The terms of the agreement are disadvantageous for Iran. China will be granted the right to delay payment for Iranian products for up to two years. China will also be able to pay in soft currencies that it has accrued from doing business in Africa and the Former Soviet Union (FSU) states, in addition to using renminbi, should the need arise – meaning that no US dollars will be involved in these commodity transaction payments from China to Iran. Therefore, this would be a sanction proof deal for both sides.
Regarding Russia, the Iranian government compromised “Iran’s rights” in the new Caspian Sea deal  pushed by Putin. Iran’s share of the Caspian Sea has been reduced from 50 percent to as little as 11 to 13 percent.

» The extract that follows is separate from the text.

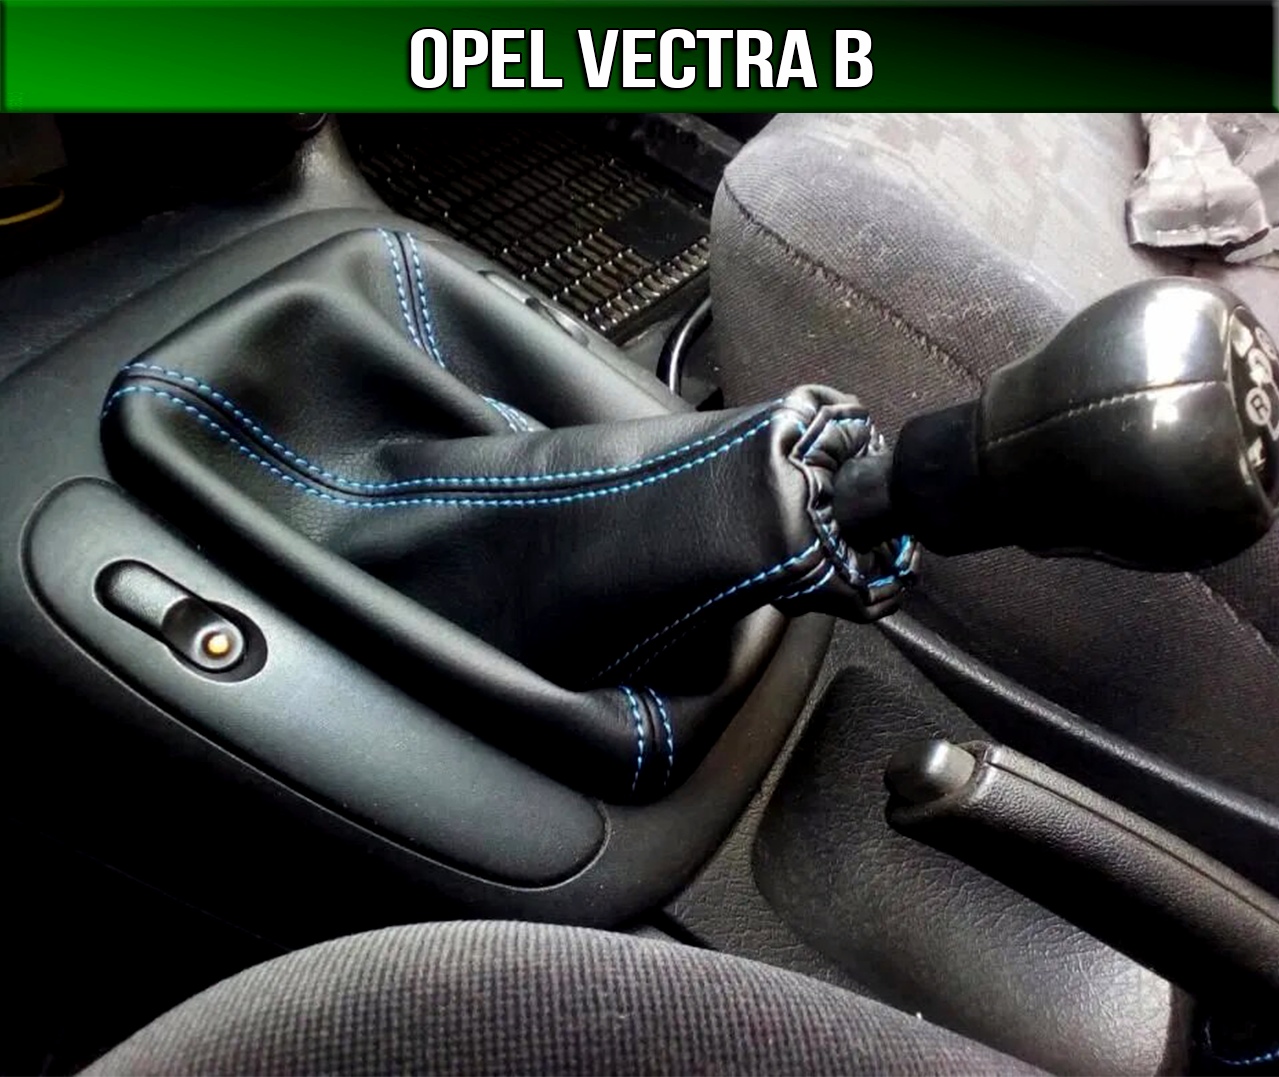 Коробка передач вектра б. Чехол КПП Opel Vectra b. Чехол КПП на Opel Vectra. Opel Omega b чехол КПП. Чехол КПП ВАЗ Opel Vectra a.

Setting the Region on Fire

The declared security policy of the Islamic Republic to counter US sanctions is based on Rouhani’s statement: “If one day they want to prevent the export of Iran’s oil, then no oil will be exported from the Persian Gulf.” Several IRGC commanders have made similar comments.
There has been a direct relationship between the speed of reduction in Iran’s oil exports  and the frequency  of its military attacks. When Iran’s oil exports decreased to around or less than 500,000 barrels per day, the Iranian government began to carry out its threats through attacking oil tankers: the May 12 Fujairah attacks; the May 14 attack on Saudi Arabia’s East-West Pipeline; the June 14 daylight attack on two tankers in the Strait of Hormuz; and the June 20 shootdown  of a US drone.
The next round of attacks came when Iran’s oil exports were reduced to below 200,000  barrels per day. These attacks targeted Saudi Aramco plants in Abqaiq and Khurais which knocked out more than half of Saudi Arabia’s oil-exporting capability, rocked international financial markets and spiked crude oil prices.

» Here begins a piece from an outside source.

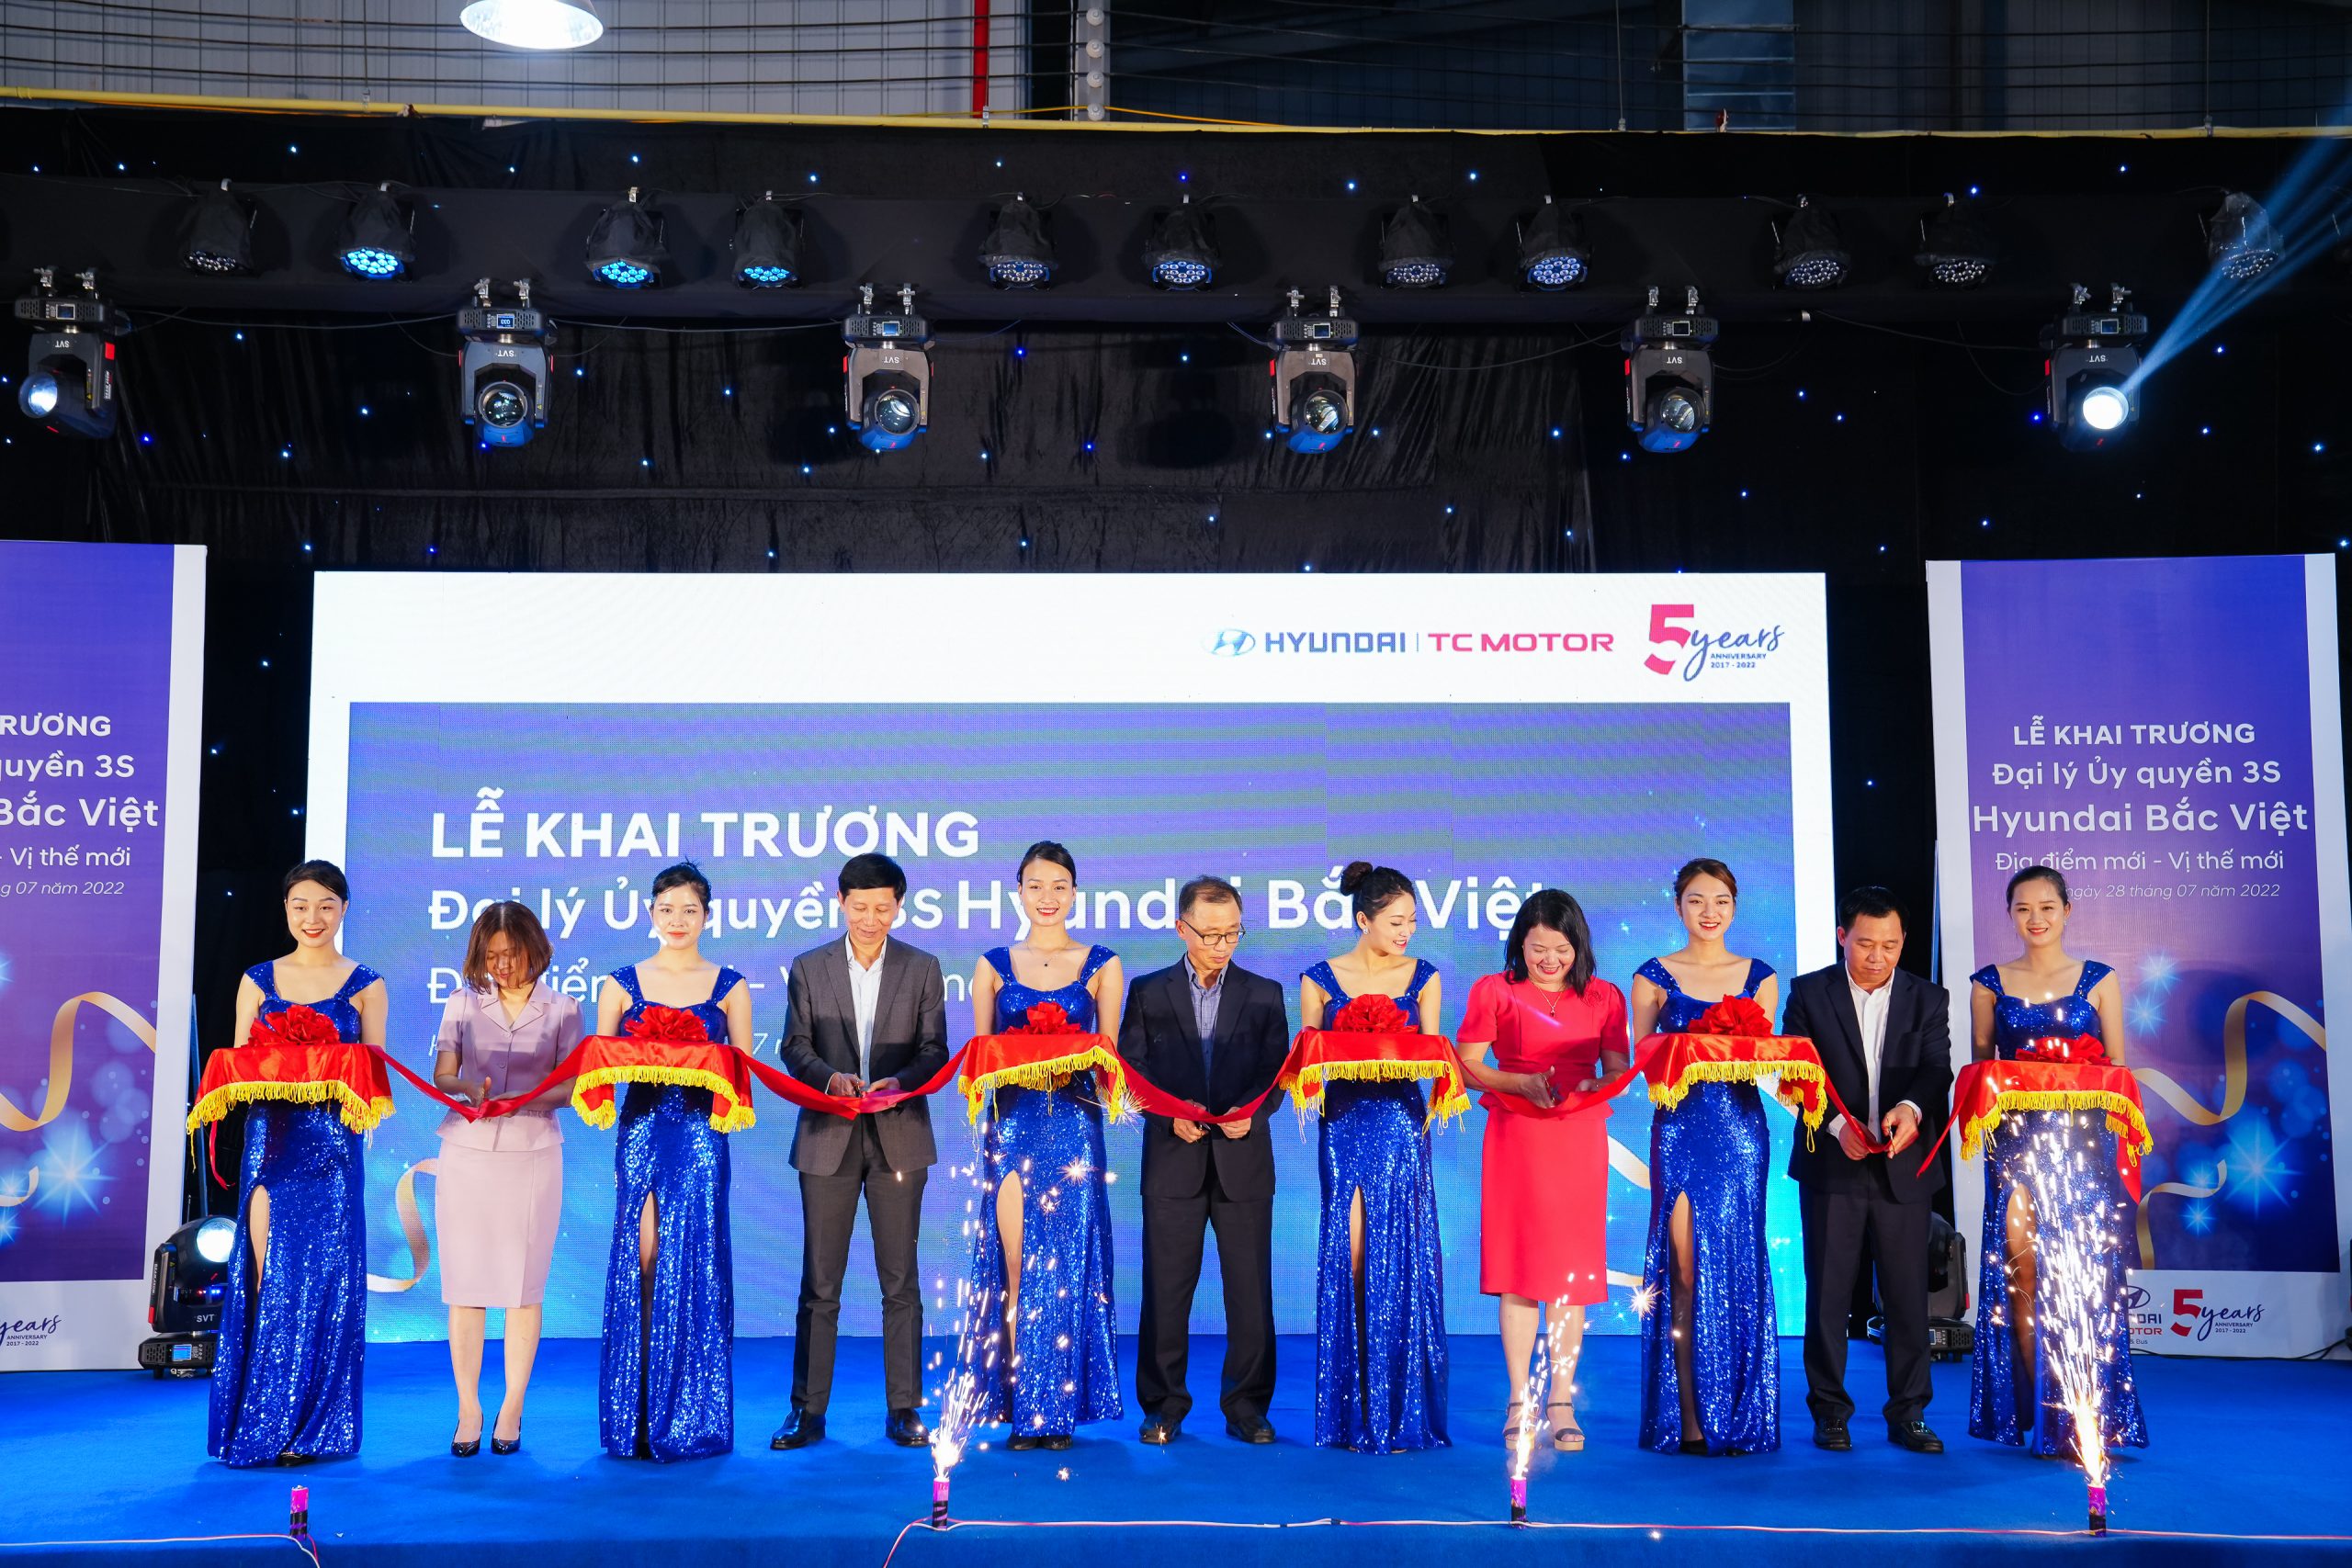 Hyundai Bắc Việt khai trương ” địa điểm mới- vị thế mới”

Spending Iran’s National Reserves

A country’s national reserves are usually comprised of personal savings and national funds. The Iranian government is tapping into its national reserves to cover its liabilities  and to fund  its proxies in the region.
The most recent withdrawal of $300 million from the National Development Fund (NDF) was for the Chabahar-Zahedan railroad construction project. Before that, 5,000 billion tomans ($1.2 billion in the official exchange rate) were  withdrawn from the NDF to  reconstruct areas devastated by flooding in the Golestan province. These are not exceptions. In just a year, tens of billions of dollars have been withdrawn from the NDF to pay for projects related to defense ($1.5 billion in February 2019), development ($2.3 billion in April 2019), employment creation ($1 billion in May 2019), and reconstruction ($2 billion in April 2019). Some withdrawals to fund terrorist groups are kept secret. It is not clear how much is left in the NDF. It seems that Khamenei will pursue his “resistance” policy until every last penny of the NDF is spent.
Other than national reserves, the government has been issuing bonds to take care of its budget deficit. The latest government bonds that were approved on September 17, 2019 were worth 38 trillion tomans ($3.5 billion) to compensate for decreasing oil revenues.

“No War, No Negotiation” but Microaggressions

From Khamenei and his advisers’ point of view, these three strategies are complementary: the first one will allow Iran to deal with the impact of US sanctions particularly on its oil sector  and will provide enough cash for the government’s ambitious objectives  in the region; the second one will inflict some pain on the United States and its allies in the region; and the third one will reduce  domestic tensions for the time being. Considering these factors, Khamenei will continue his “no war, no negotiation” policy while cautiously increasing tensions through microaggressions.